Terry Tarpey était à nouveau dans le cinq majeur, et il a donné de bonnes minutes, est-ce que c’est envisageable de le prendre dans la sélection définitive, sachant qu’il y a d’autres joueurs sur ce poste, comme Bilal Coulibaly, Zaccharie Risacher pour ne citer qu’eux ?
Oui, clairement, il fait une très bonne fenêtre. C’est le genre de joueur dont on a besoin dans un groupe. On a beaucoup de joueurs de ce genre : on peut citer Gerald [Ayayi], Adam [Mokoka], Bilal [Coulibaly], des stoppeurs défensifs. Si on prend que des joueurs qui doivent marquer 20 points, ça ne marche pas. Il faut un équilibre de talents. Il y a des talents défensifs et d’abnégation. Terry en est le parfait exemple. Il a fait un très bon match. On va continuer de l’observer.
Vous avez associé Victor Wembanyama et Rudy Gobert pendant de plus longues séquences, avez-vous aimé ce que vous avez vu ?
Ils ont démarré le deuxième et le quatrième quart-temps. C’était d’abord stratégique, contre ce type d’équipe, on pensait que ça pouvait être impactant. Et c’est aussi l’occasion de les associer encore pour les faire travailler sur ce qu’on a pu faire à l’entraînement ces derniers jours. On rêve tous que tout marche bien tout de suite. Mais il y a du travail et du temps de jeu avant de pouvoir y arriver. On profite de toutes les occasions pour tester ce binôme qui peut faire très mal sur certaines périodes.
On a senti une vraie envie de se passer le ballon, notamment entre les intérieurs que ce soit Victor et Rudy, ou Victor et Jaylen, et ce, pendant la totalité du match, est-ce aussi votre regard ?
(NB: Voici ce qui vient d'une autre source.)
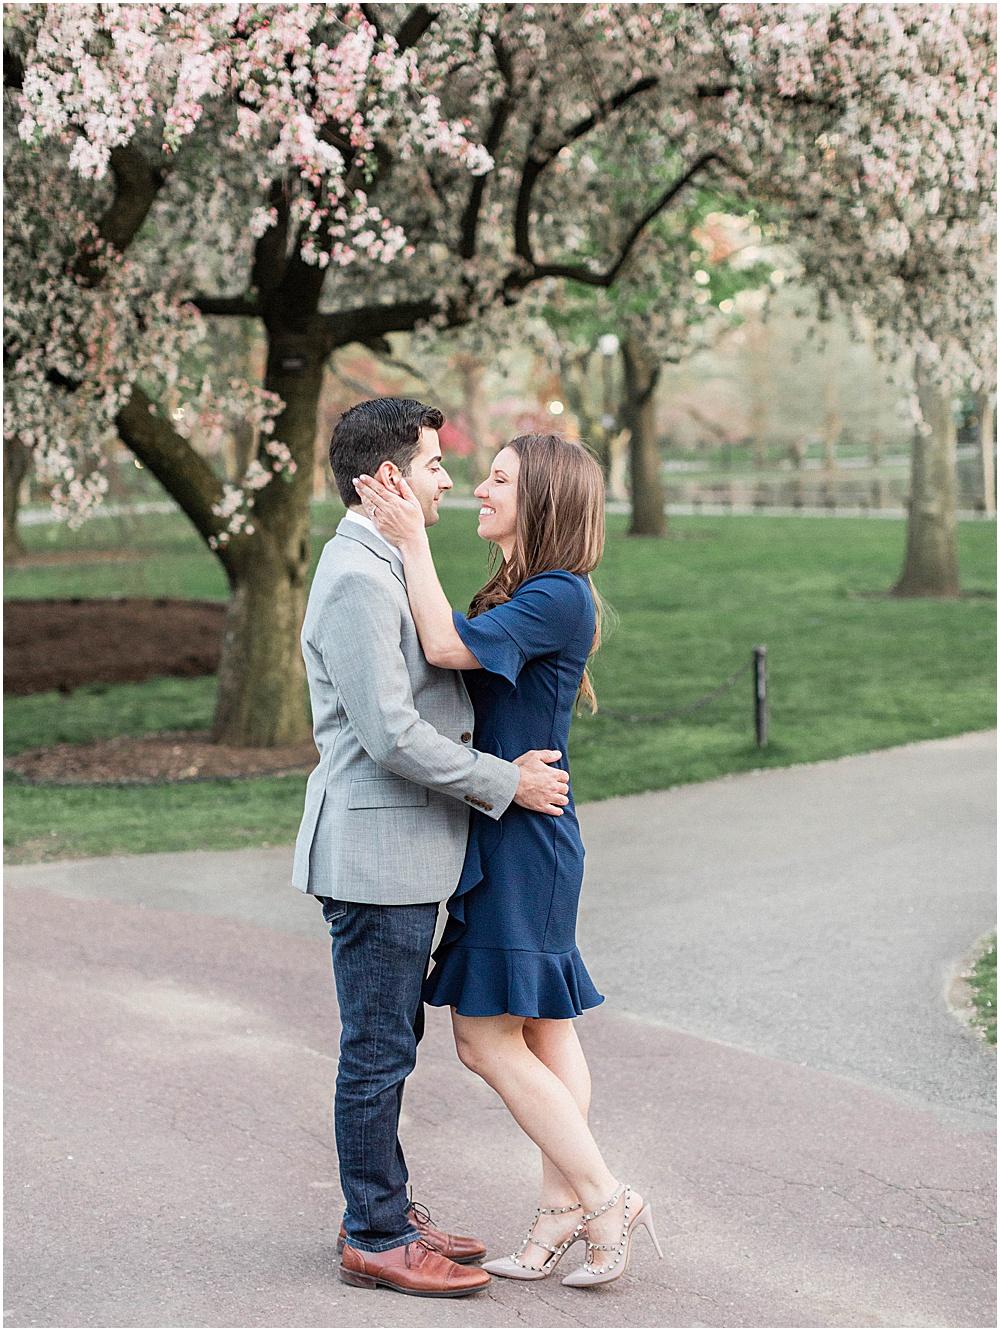 boston_common_cherry_blossoms_spring_engagement_session_boston_wedding_photographer_meredith_jane_photography_photo_0188.jpg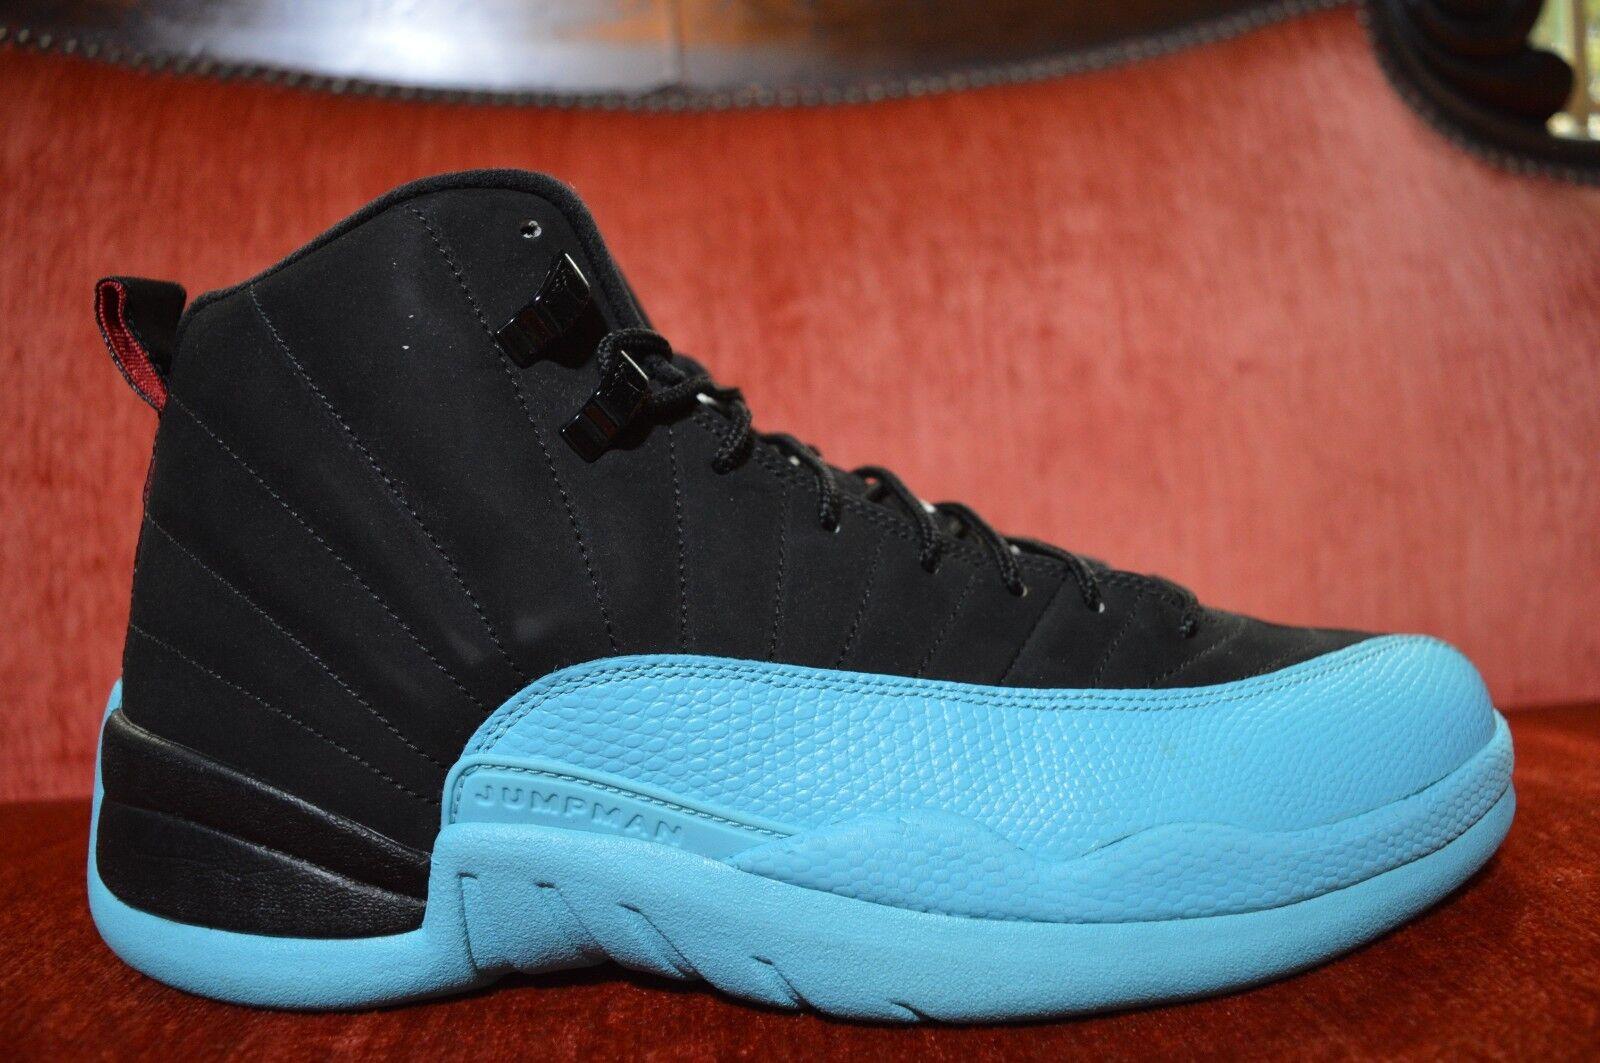 e2088475ea6 WORN 1X Nike Air Jordan XII 12 Retro bluee 130690-027 Size 10.5 Black Gamma  Black nxtjxy319-Athletic Shoes

Avec tout notre talent, on ne peut pas mobiliser la balle sur un ou deux joueurs, ça faciliterait les défenses adverses. Et ça fait partie du basket que je préconise. On l’a bien fait sur ce match : il y a eu de très bonnes relations entre intérieurs, entre intérieurs et extérieurs et entre extérieurs et intérieurs, ce qui est normalement le plus facile à faire. On aurait pu avoir beaucoup plus de passes décisives avec plus d’adresse de loin. La satisfaction pour le coaching staff, c’est cette volonté de partager la balle. On s’est rendu le match facile. Il faudra garder cette volonté si le match est plus dur aussi. On verra ça avec le temps.
Pour finir, pouvez-vous nous dire un mot sur la performance de Victor Wembanyama (22 points, 9 rebonds) qui semble monter en régime au fur et à mesure des matchs ?
C’est le leader de cette équipe et donner le momentum est très important. La consigne n’était évidemment pas de donner tous les ballons à Victoir, mais que chacun joue son rôle pour exploiter nos forces par rapport à l’adversaire. Leur secteur intérieur était beaucoup moins fort que le nôtre, et c’est quelque chose ça arrivera encore. On a joué avec nos forces, et ce n’est pas si simple quand on n’a pas l’habitude. On a vu des choses intéressantes et à reproduire. Il faut qu’on soit vigilant quand même, et il ne faut pas nous endormir sur nos lauriers, il faudra faire du bon travail en Suède, qui a gagné en Finlande.